Unique to electronic adhesive manufacturing and packaging is a 1,000-square-foot Class 10,000 clean room located in R2S2, where specific Loctite electronic adhesives are manufactured and packaged to ensure the purity of formulations with filler particles smaller than 13 microns. Manufacturing and packaging under Class 10,000 conditions guarantees the consistency, dispersion and size of fillers that are critical to the performance of microelectronics adhesives.

Other innovations that came to fruition in 1999 testify to the continuing outside-the-box thinking on the part of Loctite. The company introduced more than 300 new products last year, including several revolutionary adhesive technologies invented and patented by Loctite, such as new UV curing cyanoacrylates, FLASHCURE™, designed to offer instant fixtures and tack-free surfaces in less than five seconds when exposed to UV light.

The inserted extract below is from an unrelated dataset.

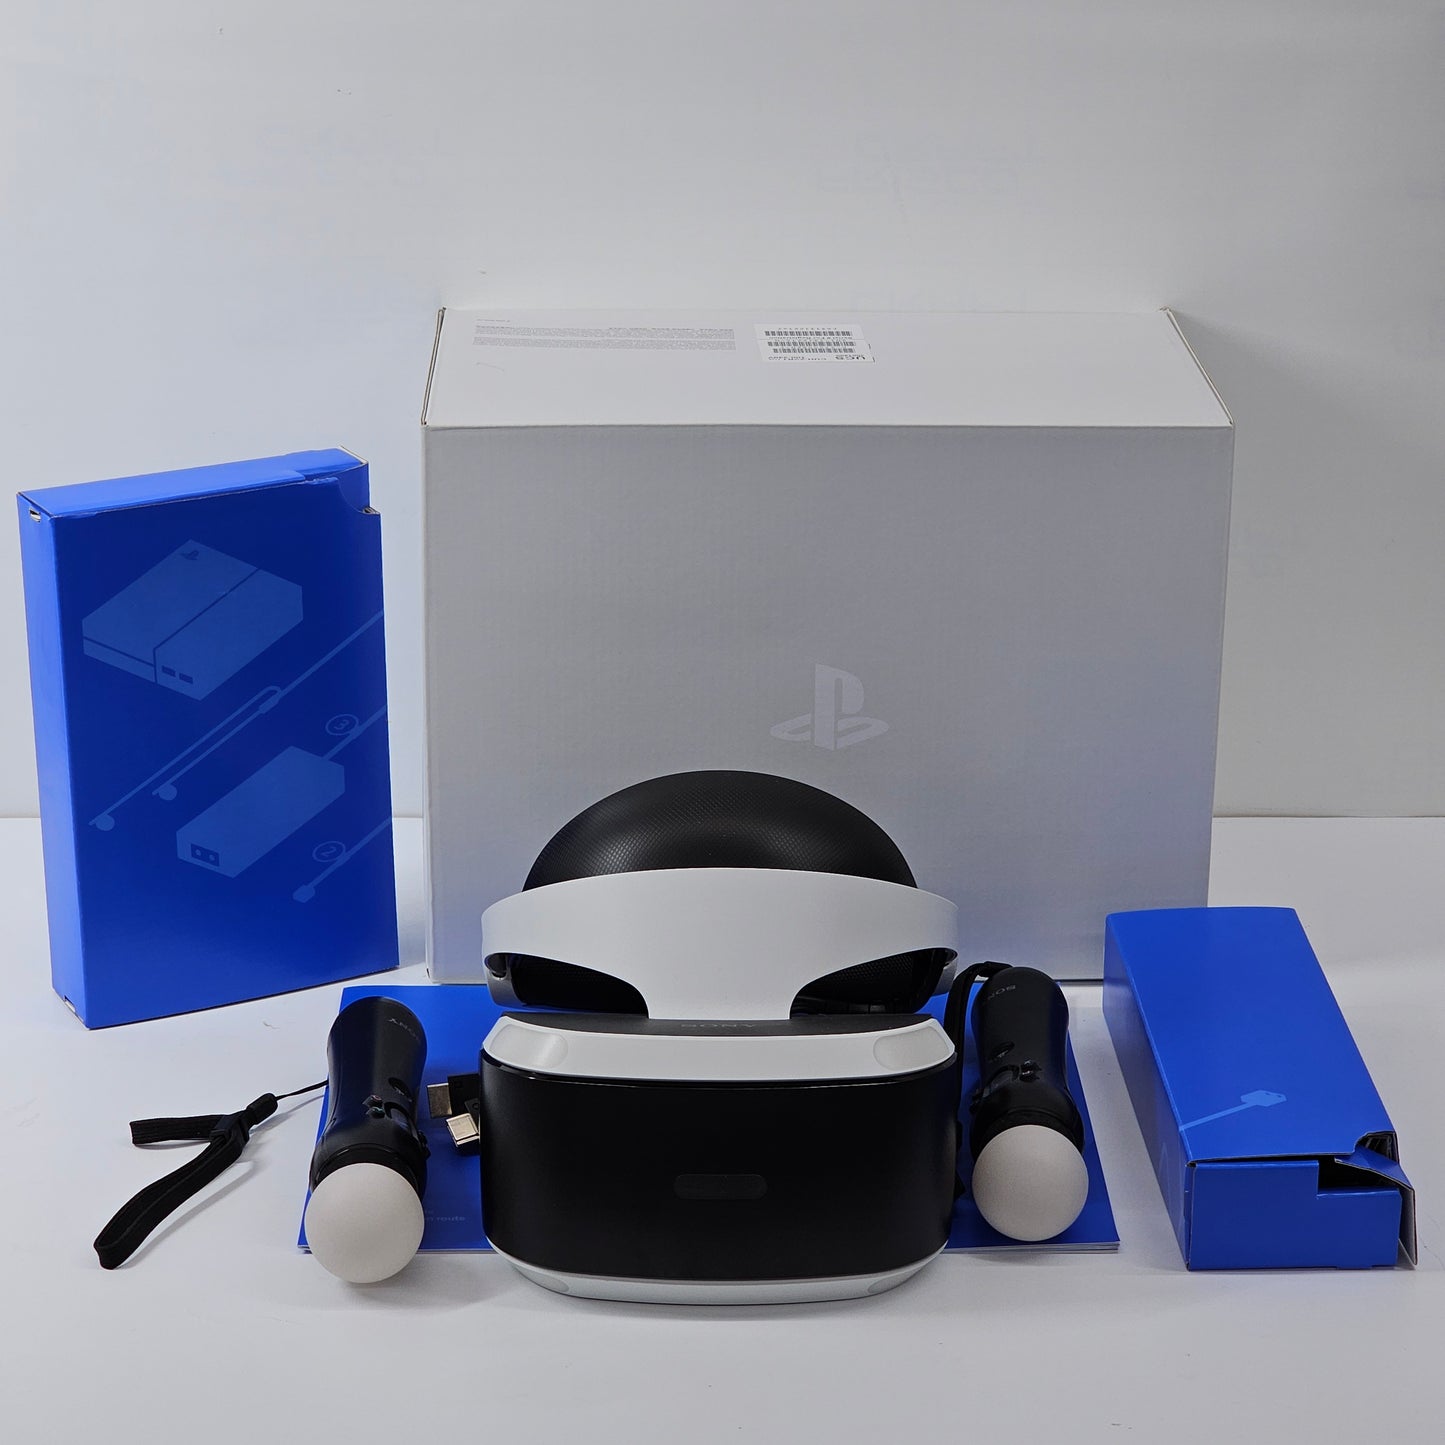 Sony PlayStation VR Virtual Reality Headset CUH-ZVR1

Customer Service/Partnerships
Product development is not the only measure of quality. Loctite service has under-gone some changes over the years and has become a state-of-the-art standard in the industry. The company has earned QS9000 certification and ISO 9002 registration, and has won recognition for superior quality systems from numerous customer companies.

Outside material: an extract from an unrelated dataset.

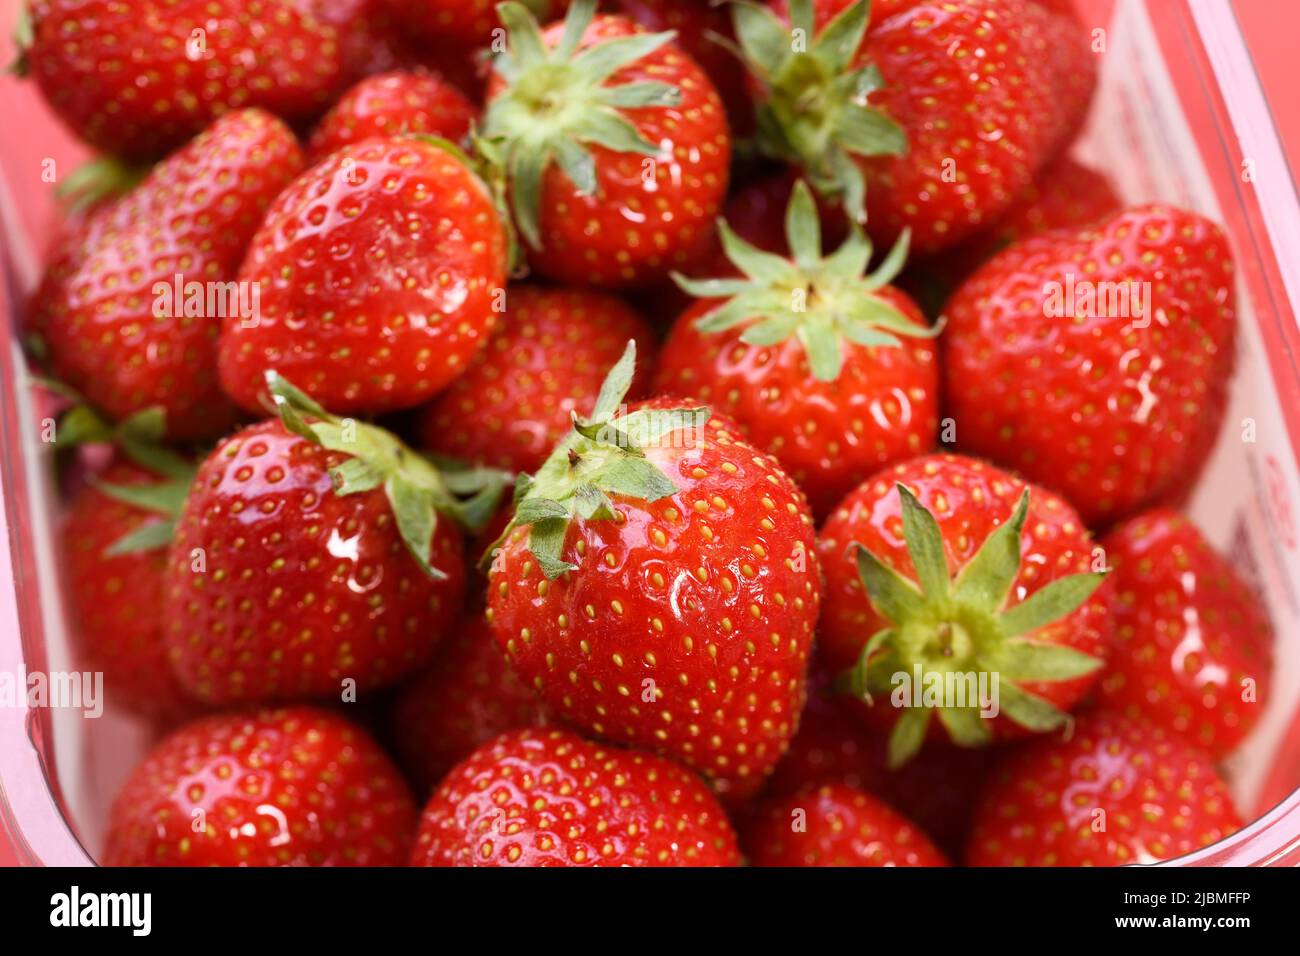 Close up detail of ripe strawberries in a plastic punnet Stock Photo

An example of high-tech service, the company’s Web site, www.loctite.com, is designed to be an easy-to-use, 24/7 resource that helps customers shorten their design cycle by getting instant information on the depth of Loctite technology right from their desktop. Visitors to the web site gain access to a wide array of information, ranging from company news, to application assistance. Organized into specific market categories, the web site provides news and information on OEM assembly, medical, automotive, electronic and MRO applications. The Web site offers an electronic catalog that features the company’s complete line of more than 1,400 products, and is tied into electronic data sheets featuring technical and health/safety information, an interactive product selector guide and a distributor locator to make purchasing quick and easy.

In the near future, the site will truly become “information central,” by presenting many new interactive features and additional high-quality information to aid engineers in decision making. Customers will be able to examine a product’s physical characteristics, review case histories and testimonials as idea generators and leave the site with product recommendations for testing their particular application. They will be able to contact their local sales rep, distributor or Loctite engineer through e-mail, schedule parts testing in Loctite laboratories, arrange for samples for testing and evaluation and sign up for customer training schools.

An extranet is also planned for customers who need simple information like order status, inventory levels, batch and shipping information. The extranet will allow customers to access their password-protected information any time of day, any day of the week – an ideal system for customers located all over the world.

Loctite also runs customer training classes that cover a plethora of subjects. Information is imparted on medical-device assembly applications, the use of adhesives in electric motors, sealing systems for mechanical assemblies, and bonding technologies for plastics, rubber and metal assemblies, just to name a few.

There are also distributor training classes offered to increase the comfort level among distribution personnel. Topics include adhesives, general product training, general selling skills and electronic product training, for example.

The total picture – product, training, partnering – is evidence of the quality and thoroughness that pervades Loctite Corporation. It is likely that the traits that brought so much success already will continue into the 21st century.